Before you read this, however, you might want to refer to this May/June 2005 column, where I described my favorite all-time Oracle feature: multiversioning. Understanding this is not only crucial to your success with Oracle Database, but it'll help you understand the concepts I describe below.
[The following is an excerpt from Expert Oracle Database Architecture: 9i and 10g Programming Techniques and Solutions . Note that the excerpt has been edited for length, format, and style.]
Transaction Isolation Levels
The ANSI/ISO SQL standard defines four levels of transaction isolation, with different possible outcomes for the same transaction scenario. That is, the same work performed in the same fashion with the same inputs may result in different answers, depending on your isolation level. These levels are defined in terms of three phenomena that are either permitted or not at a given isolation level:
- Dirty read: The meaning of this term is as bad as it sounds. You're permitted to read uncommitted, or dirty , data. You can achieve this effect by just opening an OS file that someone else is writing and reading whatever data happens to be there. Data integrity is compromised, foreign keys are violated, and unique constraints are ignored.

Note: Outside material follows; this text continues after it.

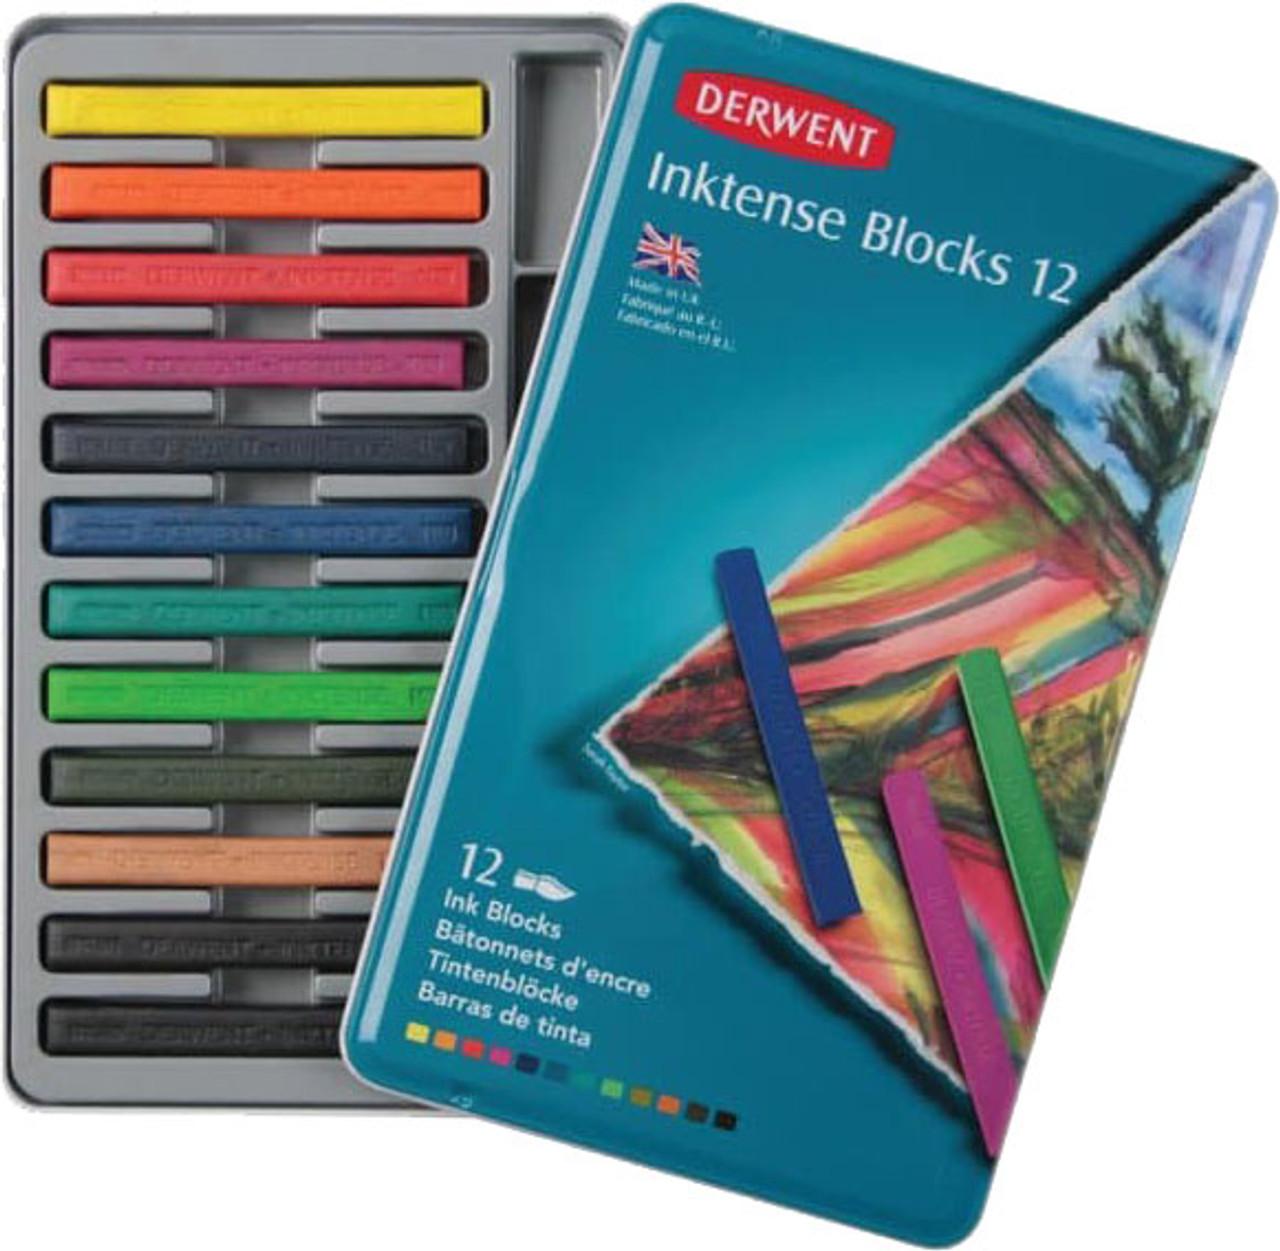 Derwent Inktense Blocks 12pc Tin Set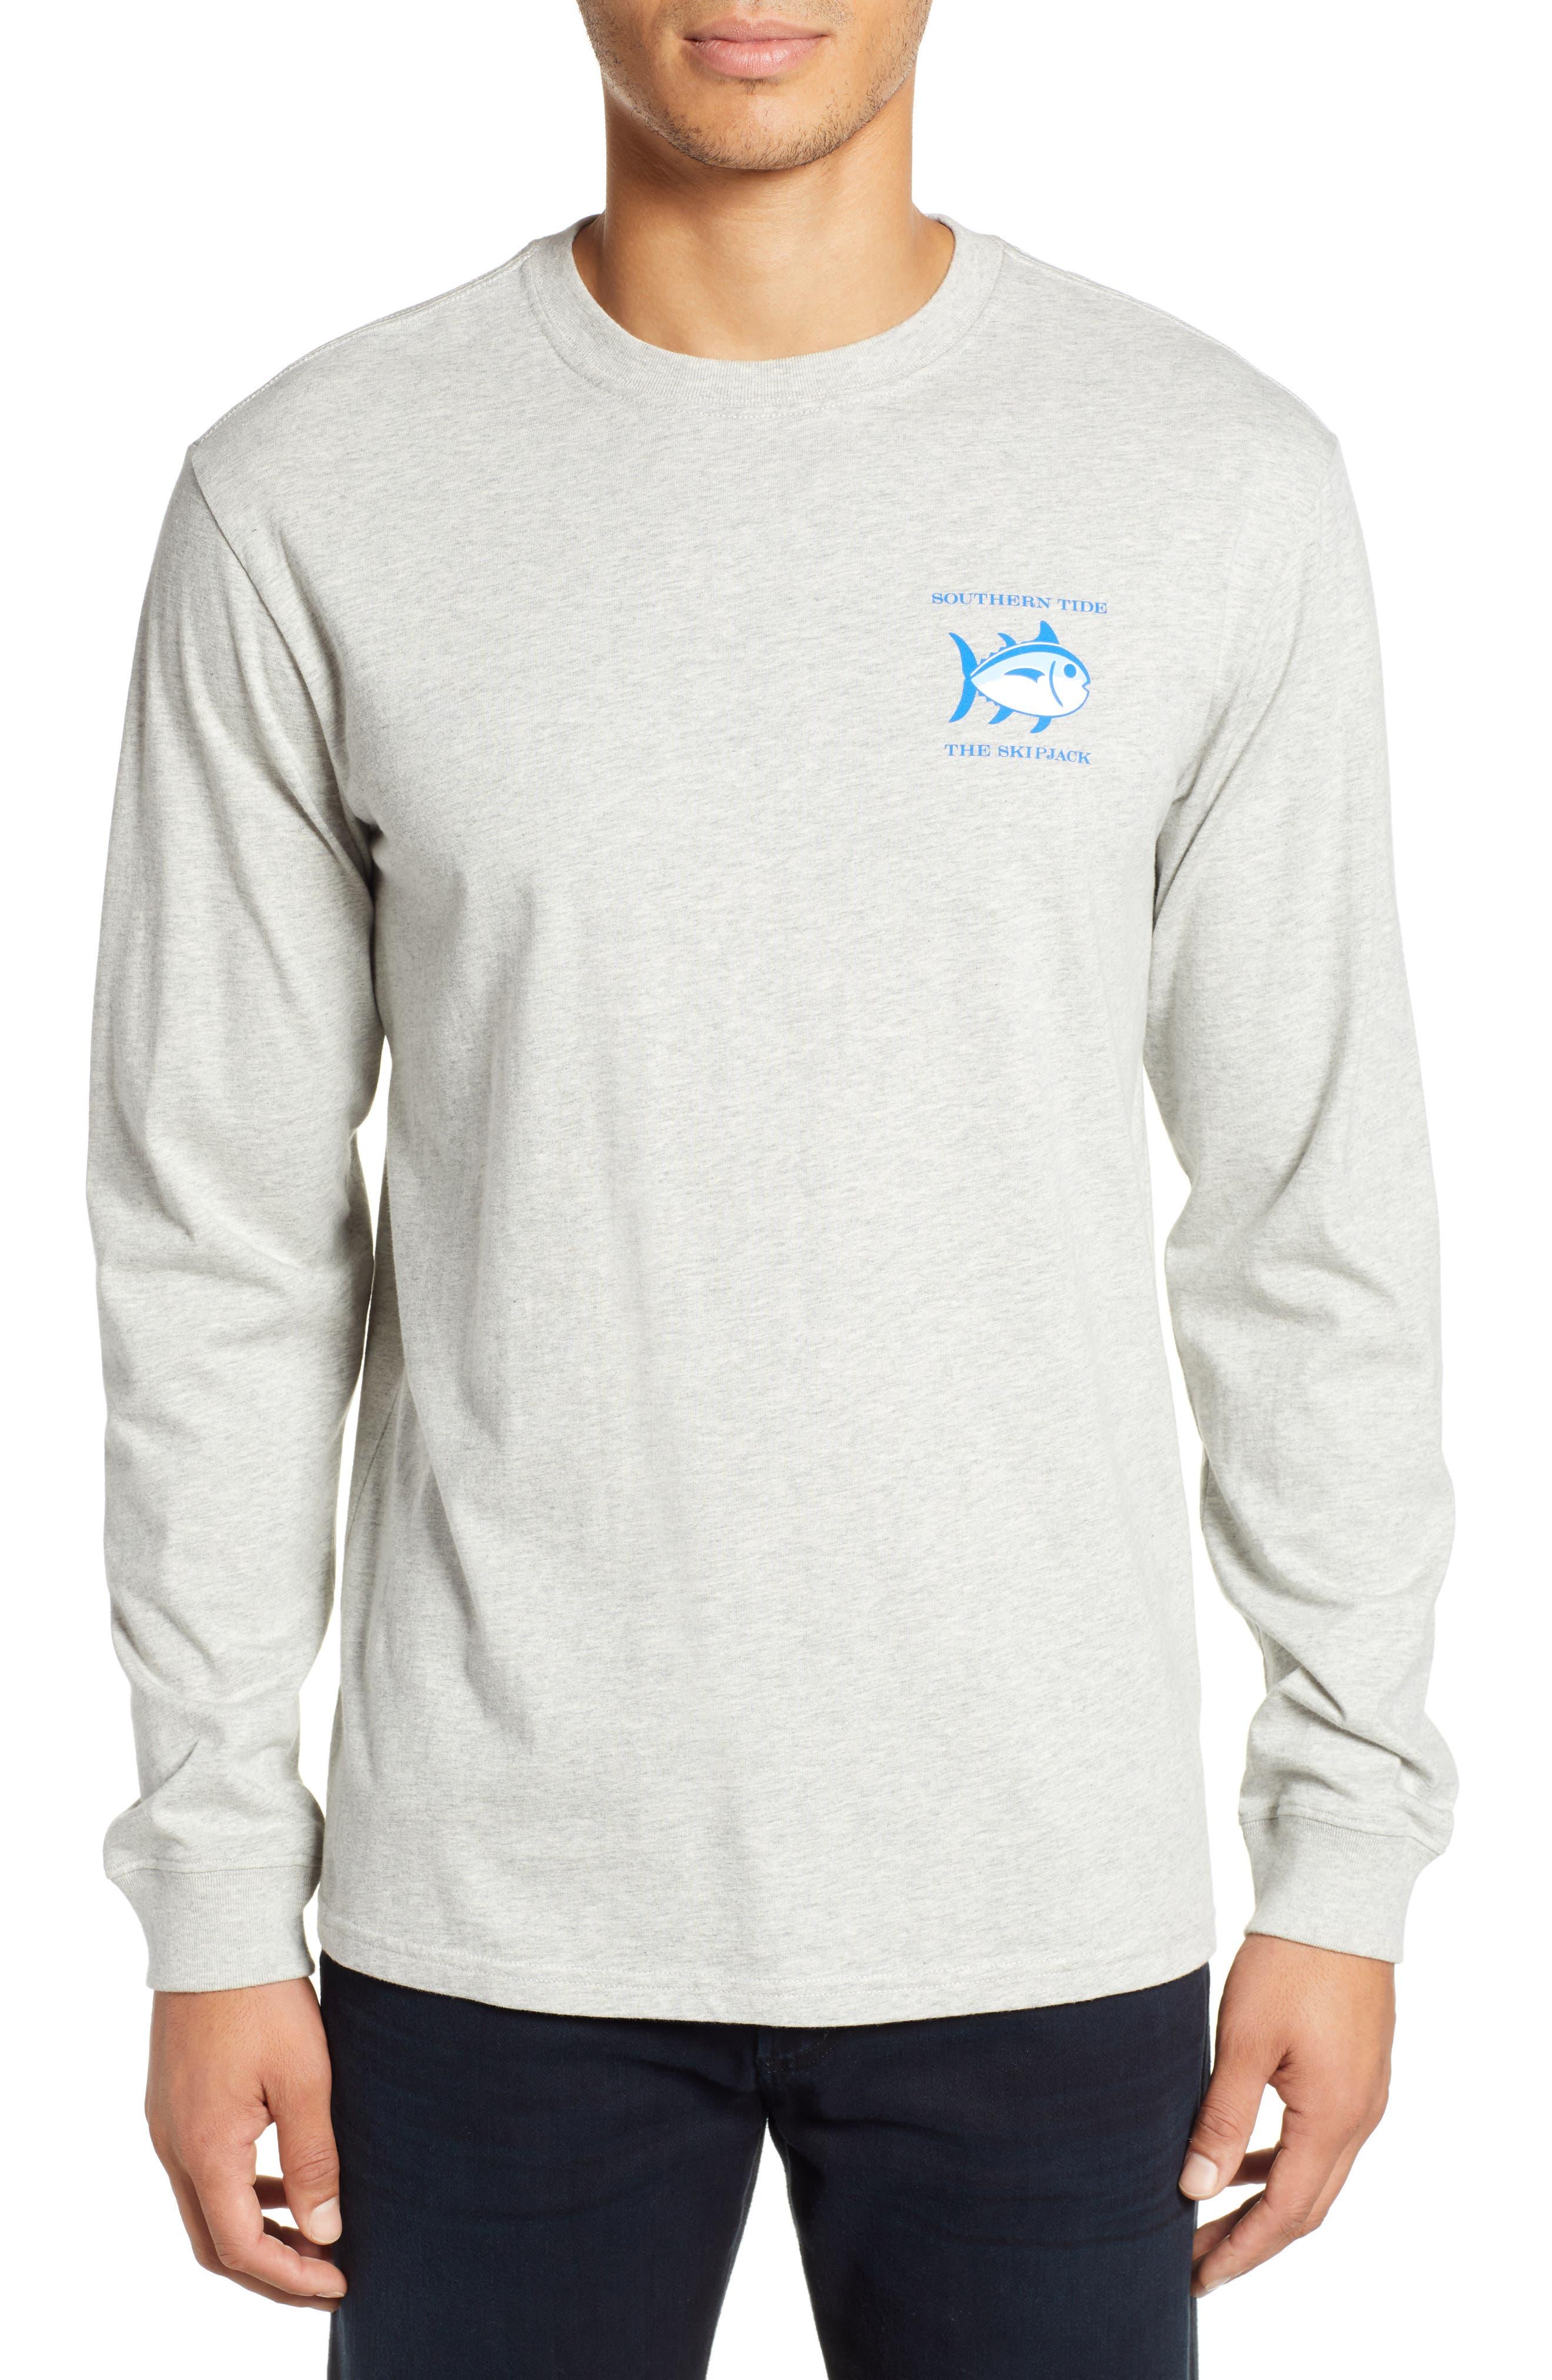 Southern Tide Original Skipjack T-Shirt, Grey

- Nonrepeatable read: This simply means that if you read a row at time T1 and try to reread that row at time T2, the row may have changed. It may have disappeared, it may have been updated, and so on.
- Phantom read: This means that if you execute a query at time T1 and re-execute it at time T2, additional rows may have been added to the database, which may affect your results. This differs from a nonrepeatable read in that with a phantom read, data you already read hasn't been changed, but instead, more data satisfies your query criteria than before.
Note that the ANSI/ISO SQL standard defines transaction-level characteristics, not just individual statement-by-statement-level characteristics. I'll examine transaction-level isolation, not just statement-level isolation.
The SQL isolation levels are defined based on whether they allow each of the preceding phenomena. It's interesting to note that the SQL standard doesn't impose a specific locking scheme or mandate particular behaviors, but rather describes these isolation levels in terms of these phenomena—allowing for many different locking/concurrency mechanisms to exist (see Table 1).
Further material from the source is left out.